Contact: g.micklem@gen.cam.ac.uk
Supplementary information: Supplementary data are available at Bioinformatics online.
1 INTRODUCTION
Integrative analysis exploiting diverse datasets is a powerful approach in modern biology, but it can also be complex and time consuming. There are huge quantities of data available in a range of different formats, and a high level of computational expertise is often required for performing analysis, even once the data have been successfully integrated into a single database [for a general review of biological data integration, see Triplet and Butler (2011)]. InterMine is a data warehouse framework initially developed for FlyMine to address these issues for the Drosophila community (Lyne et al., 2007). It is being adopted by a number of major model organism databases including budding yeast, rat, zebrafish, mouse and nematode worm (Balakrishnan et al., 2012; Shimoyama et al., 2011), and is in use by the modENCODE project—a large-scale international initiative to characterize functional elements in the fly and worm genomes (Celniker et al., 2009; Contrino et al., 2012), as well as for drug target discovery (Chen et al., 2011), Drosophila transcription factors (Pfreundt et al., 2010) and mitochondrial proteomics (Smith et al., 2012). Many features of the InterMine system have been designed to lower the effort required for the setup and maintenance of large-scale biological databases, and these are outlined later in the text and discussed in more detail in the Supplementary Material.

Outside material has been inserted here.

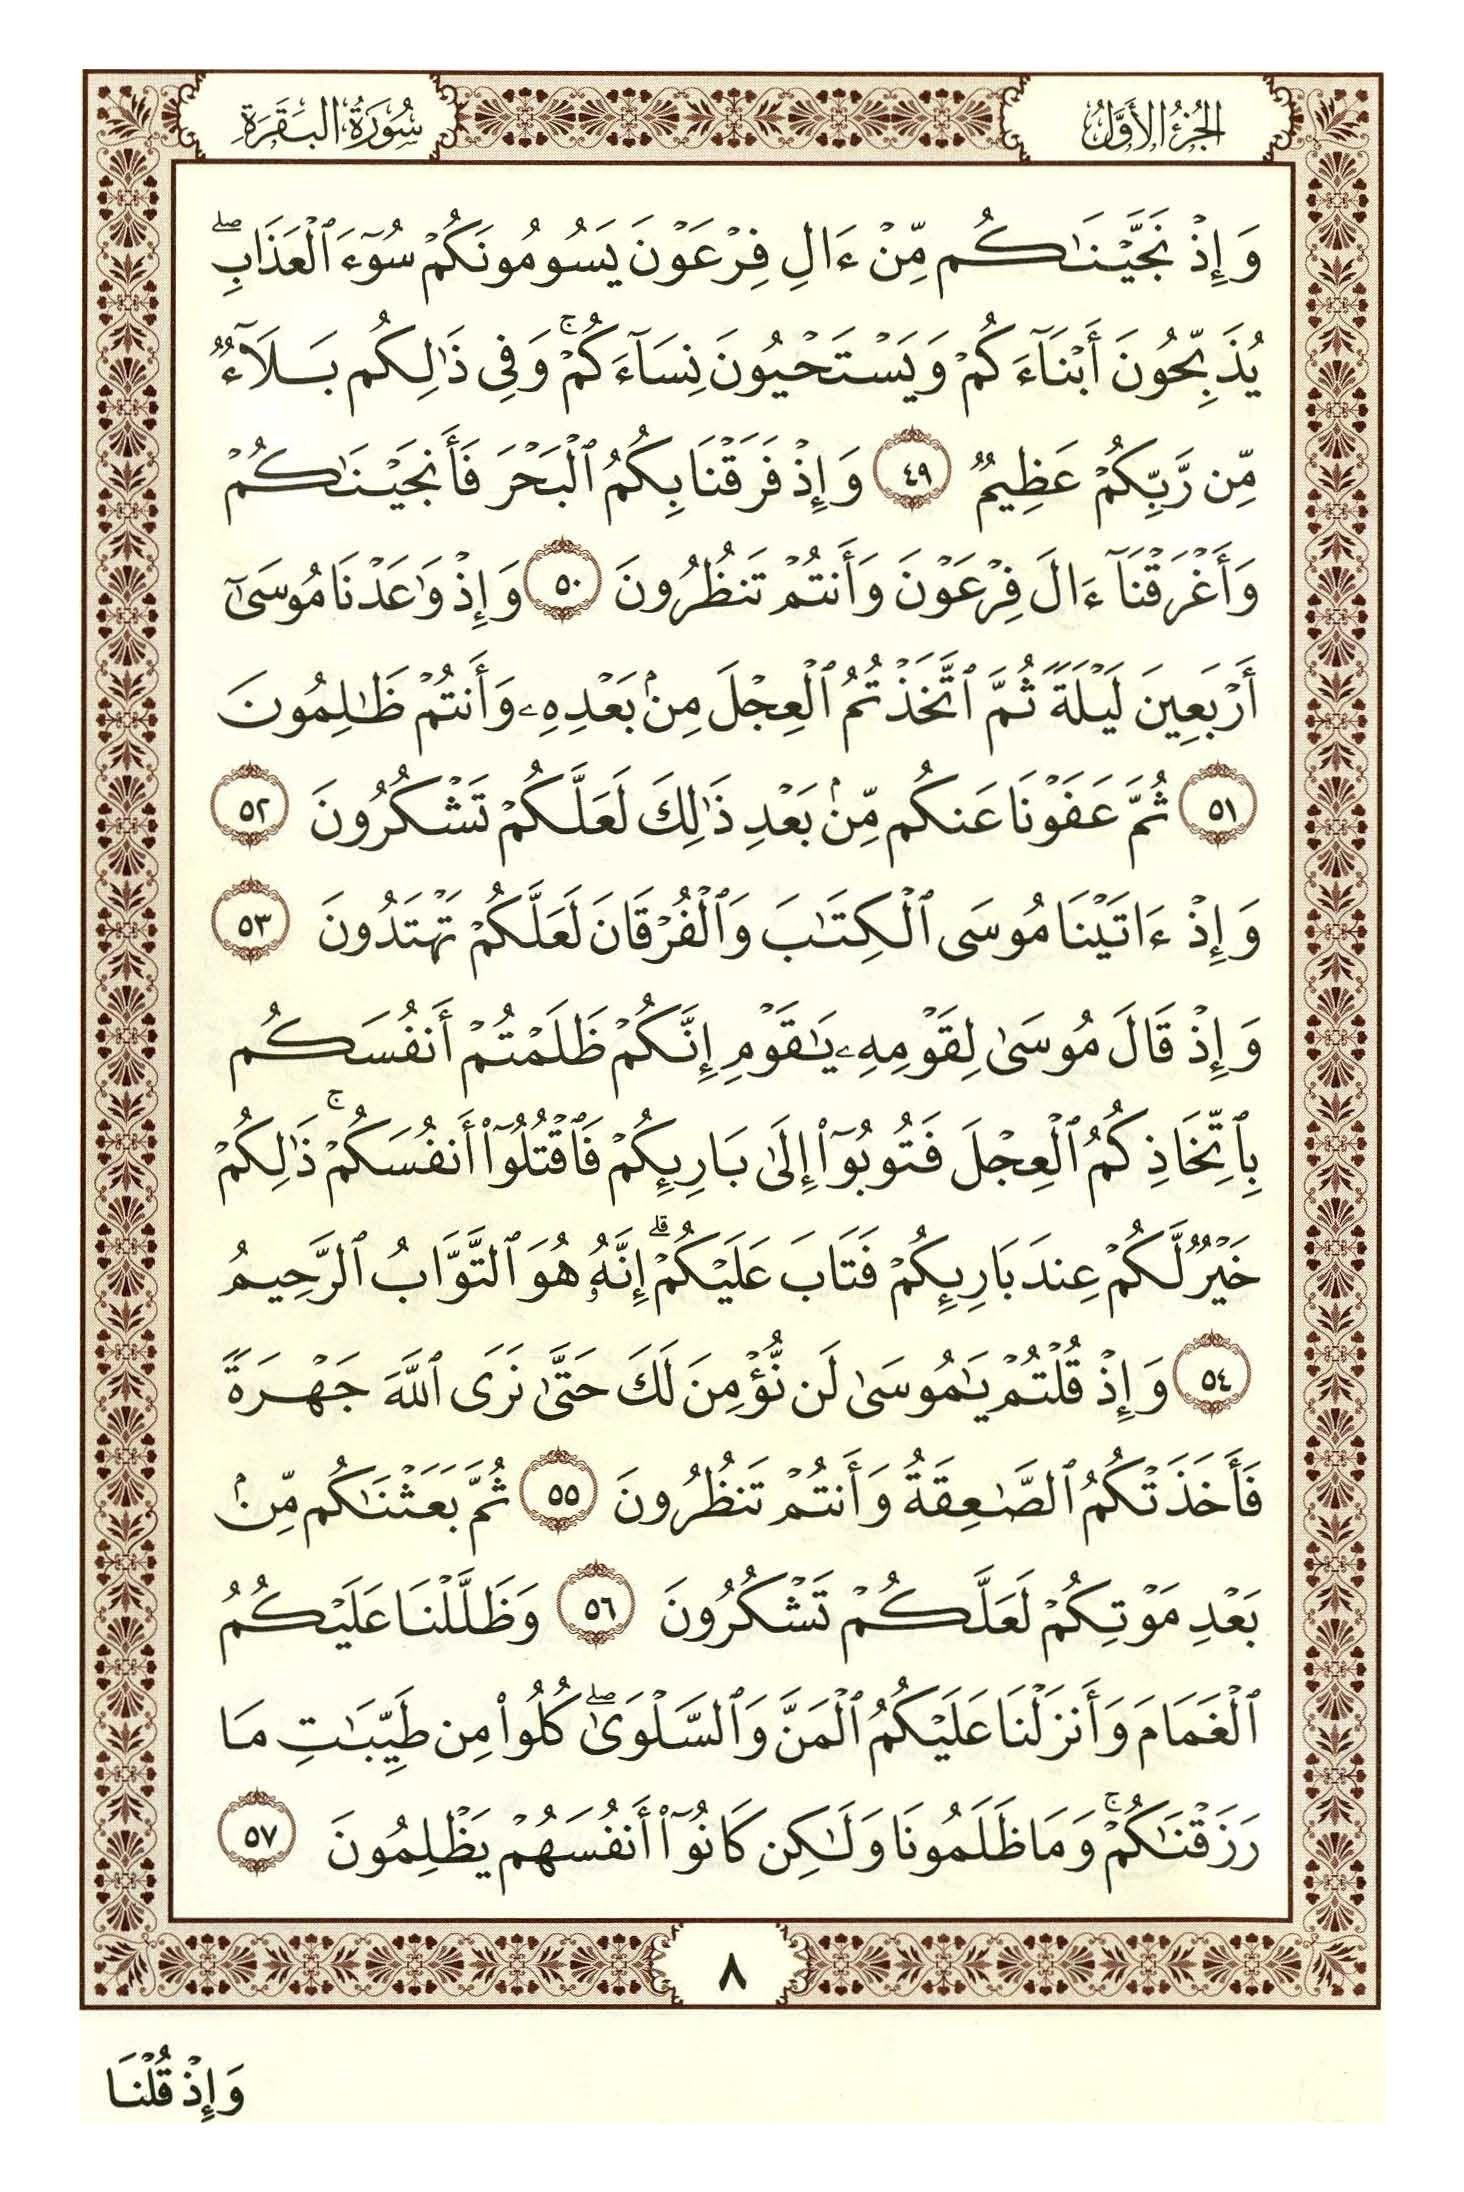 Pin By القران الكريم The Holy Quran On القران الكريم مصحف دولة الكويت The Holy Quran Le Saint Coran Quran Verses Verses Bullet Journal

1.1 Data loading and integration
The InterMine database build system allows for the integration of datasets of varying size and complexity. It comes equipped with data integration modules that load data from common biological formats (e.g. GFF3, FASTA, OBO, BioPAX, GAF, PSI and chado—see Supplementary Material for a full list), while custom sources can be added by writing data parsers using the Java application programming interface (API) or by creating XML files in the appropriate format, for which a Perl API exists. InterMine’s core biological model is based on the Sequence Ontology (Eilbeck et al., 2005) and can be easily extended by editing an XML file. All model-based components of the system are automatically derived from the data model, allowing simple error-free upgrading of the user interface and API as new data types are added.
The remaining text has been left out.